(DATA FOR PROCESSING)
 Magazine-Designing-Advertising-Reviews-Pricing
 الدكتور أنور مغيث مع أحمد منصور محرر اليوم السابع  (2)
(End DATA FOR PROCESSING)
(DATA FOR PROCESSING)
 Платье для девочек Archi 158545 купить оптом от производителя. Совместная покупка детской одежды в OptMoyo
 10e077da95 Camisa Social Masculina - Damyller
(End DATA FOR PROCESSING)
(DATA FOR PROCESSING)
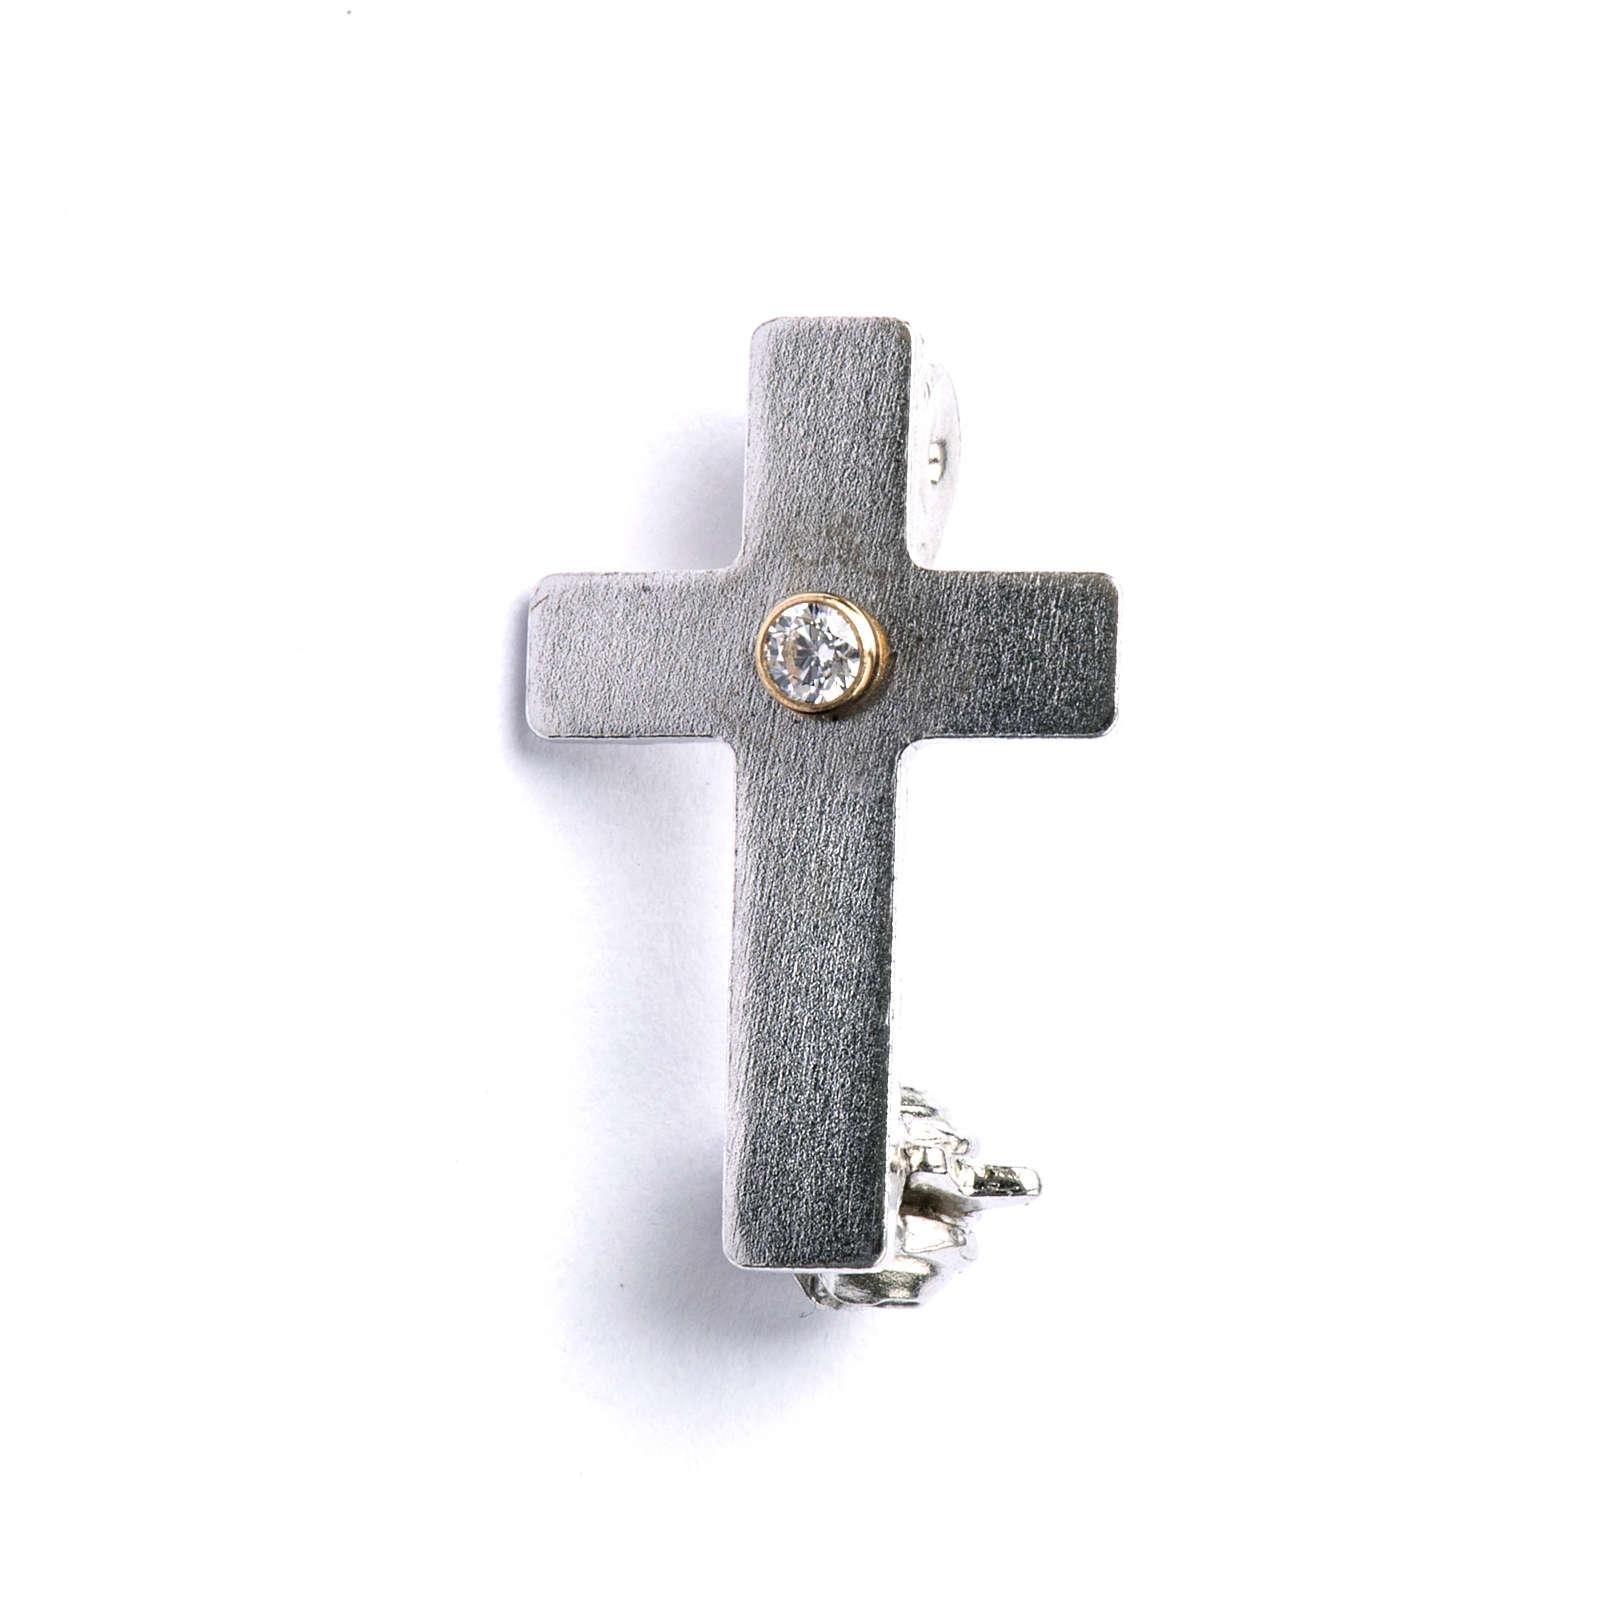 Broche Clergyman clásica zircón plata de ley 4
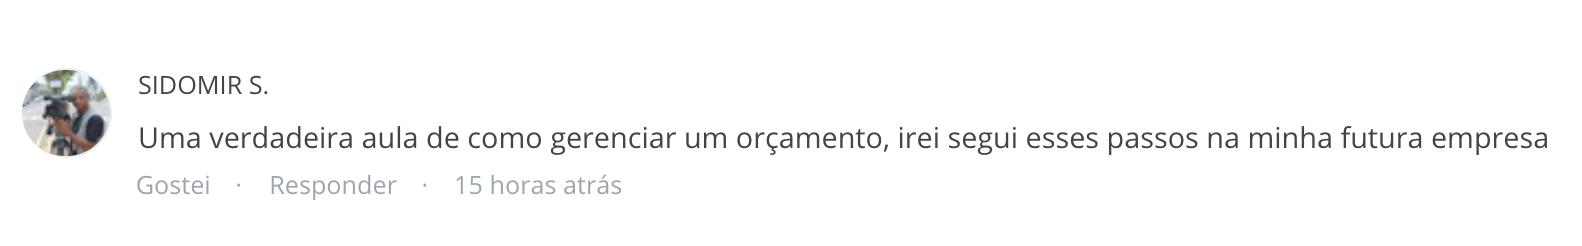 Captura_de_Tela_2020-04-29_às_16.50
(End DATA FOR PROCESSING)
# REQUIRED ACTION:
Your reply is to repeat, unchanged, the lines above running from the one with "Magazine-Designing-Advertising-Reviews-Pricing" up to and including the one with "الدكتور أنور مغيث".

# EXERCISE RESULT:
 Magazine-Designing-Advertising-Reviews-Pricing
 الدكتور أنور مغيث مع أحمد منصور محرر اليوم السابع  (2)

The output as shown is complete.